◆ Activity:
Restate word for word only the lines running from the one with "Nahaufnahme der Hand" to the end of the data, both ends included. Omit any pictures.

◆ Raw data:
# # #

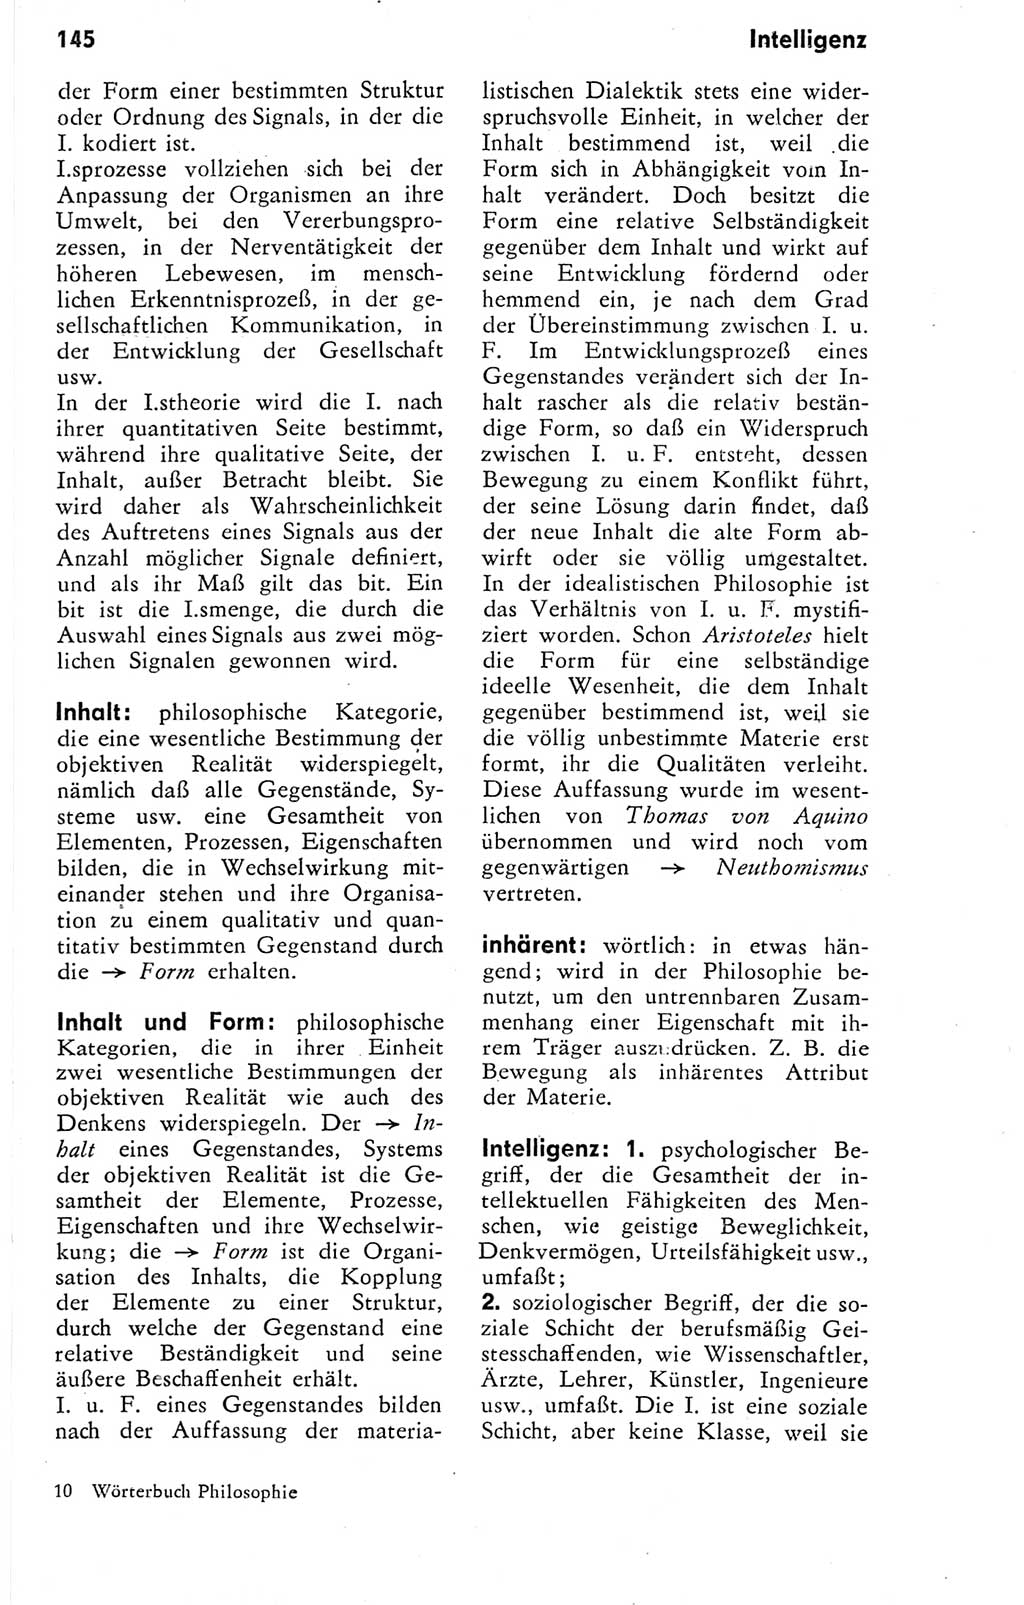 Kleines Wörterbuch der marxistisch-leninistischen Philosophie [Deutsche Demokratische Republik (DDR)] 1974, Seite 145 (Kl. Wb. ML Phil. DDR 1974, S. 145)
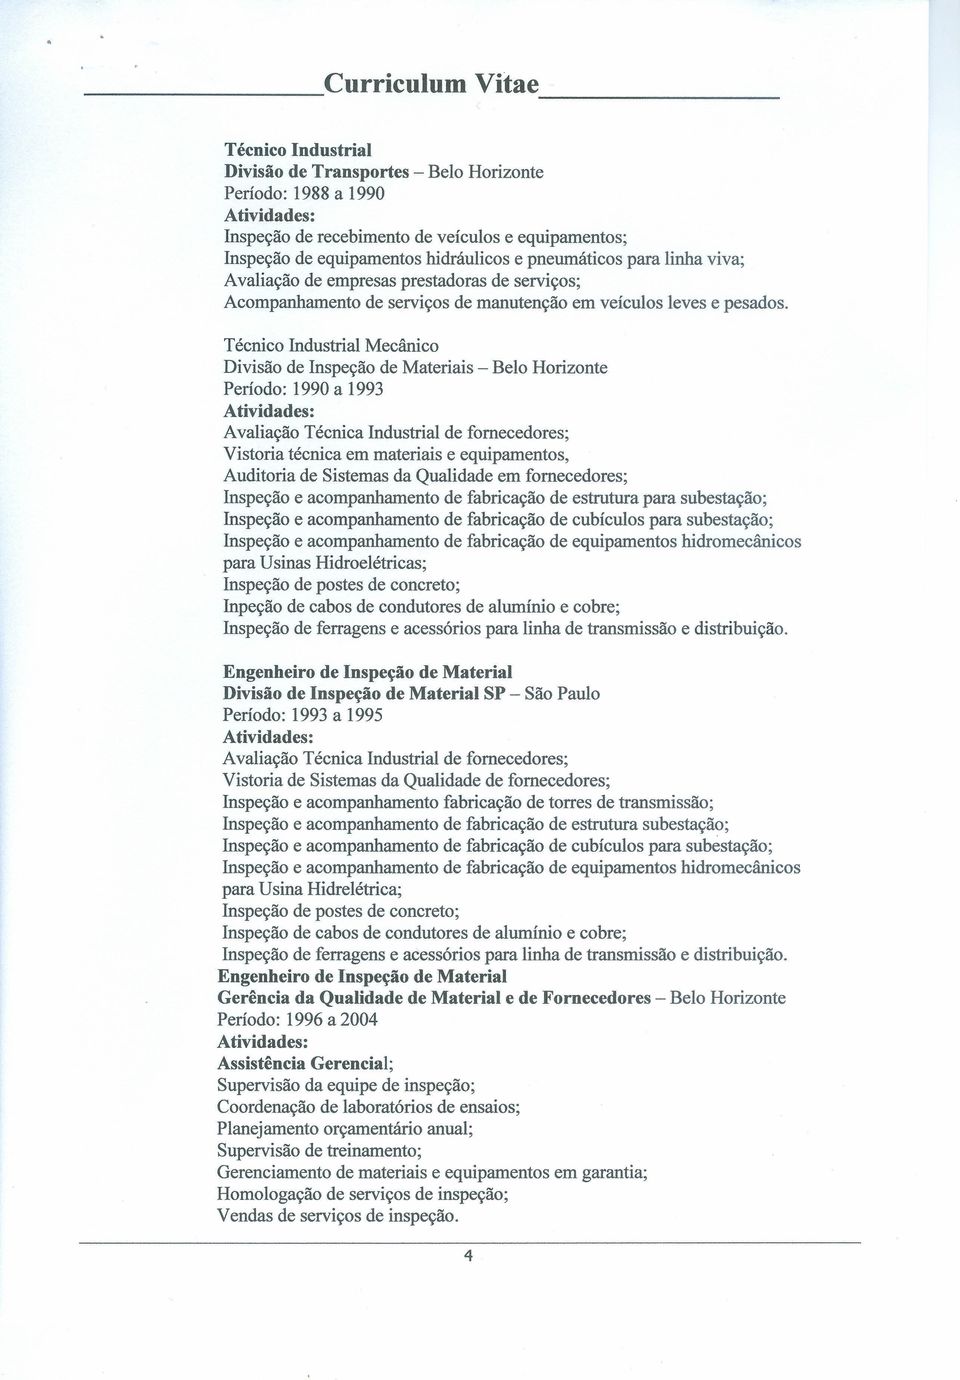 Técnico Industrial Mecânico Divisão de Inspeção de Materiais - Belo Horizonte Período: 1990 a 1993 Avaliação Técnica Industrial de fornecedores; Vistoria técnica em materiais e equipamentos,
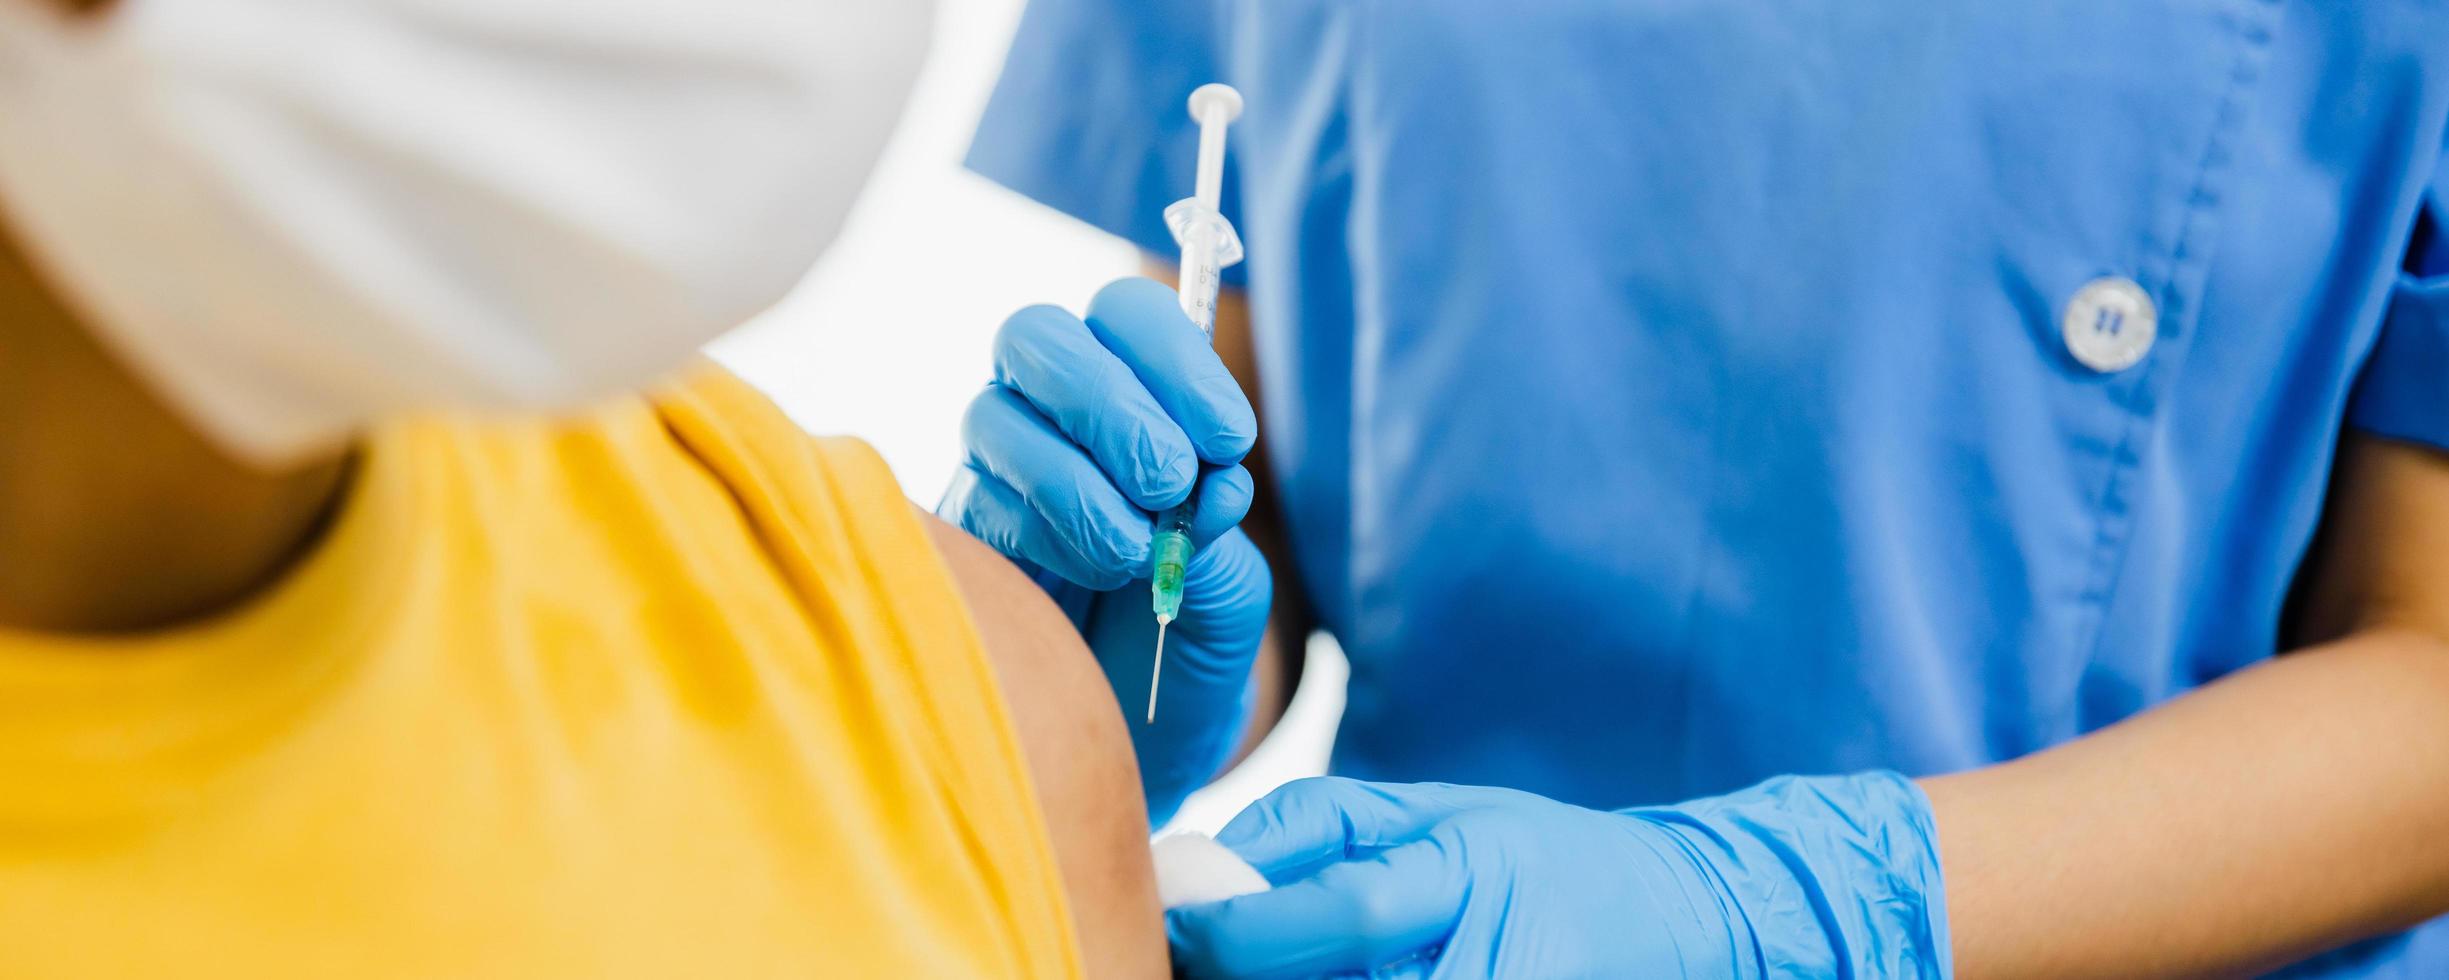 Nahaufnahme der Hand einer Ärztin, die eine Spritze hält und Baumwolle verwendet, bevor sie dem Patienten in einer medizinischen Maske injiziert wird. Covid-19- oder Coronavirus-Impfstoff foto
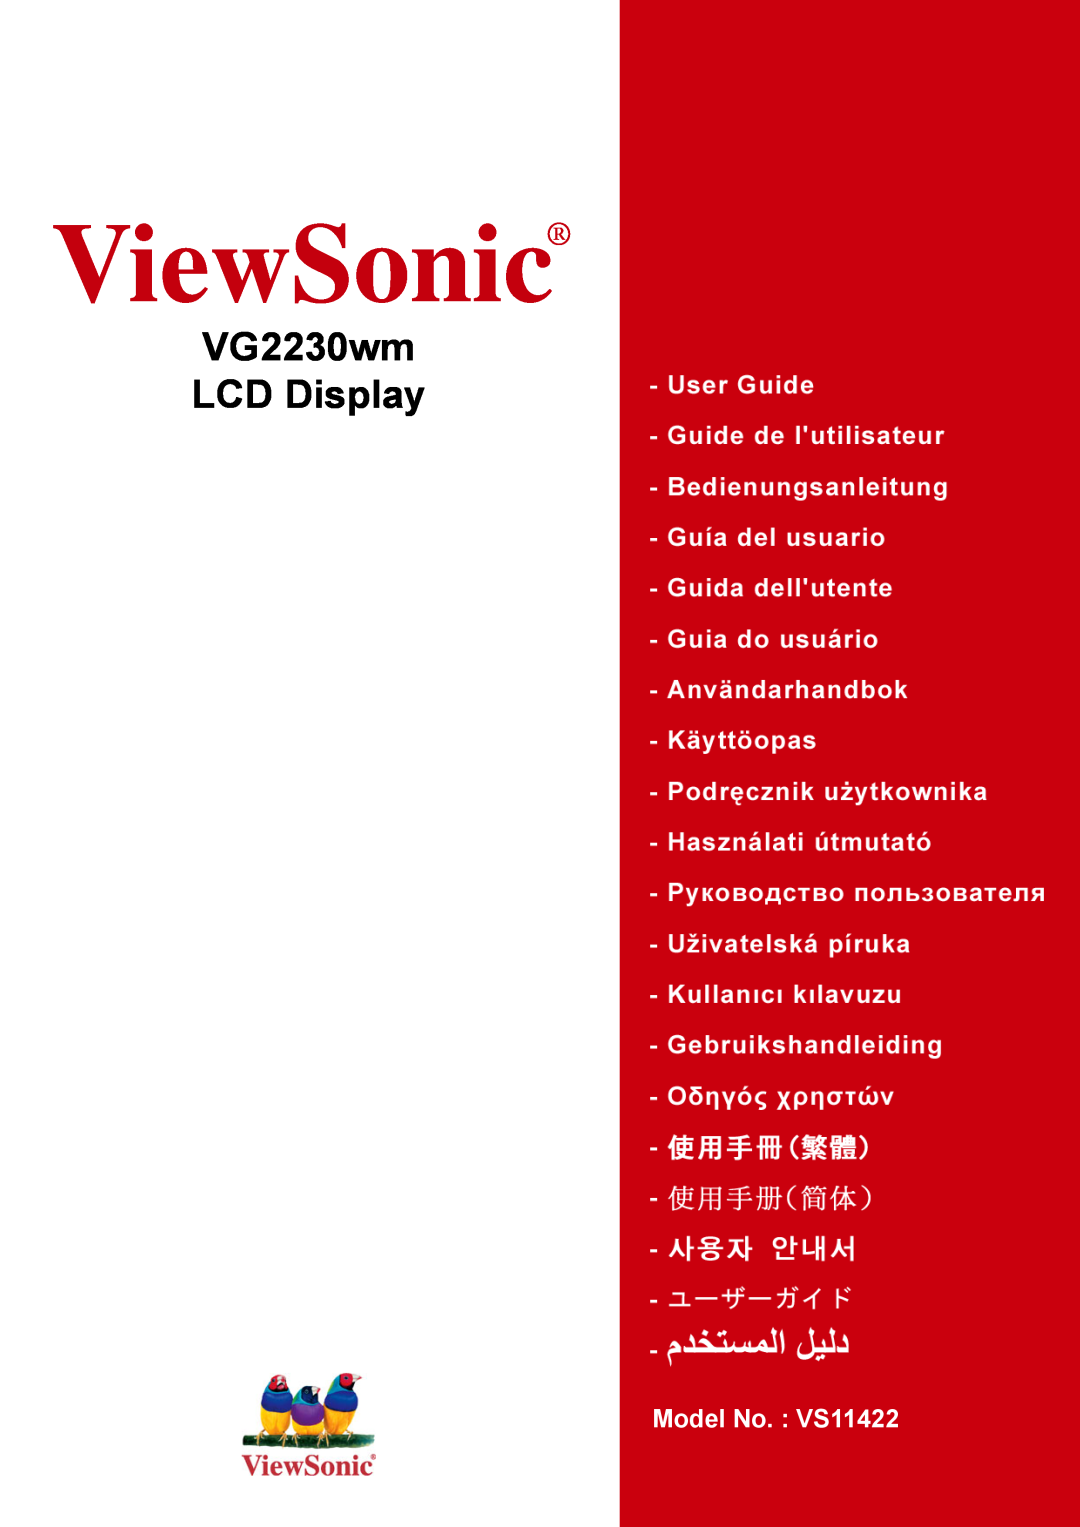 ViewSonic manual ViewSonic, VG2230wm LCD Display, Model No. VS11422

# # #

◆ Solved problem:
 Nahaufnahme der Hand einer Ärztin, die eine Spritze hält und Baumwolle verwendet, bevor sie dem Patienten in einer medizinischen Maske injiziert wird. Covid-19- oder Coronavirus-Impfstoff foto
 ViewSonic manual ViewSonic, VG2230wm LCD Display, Model No. VS11422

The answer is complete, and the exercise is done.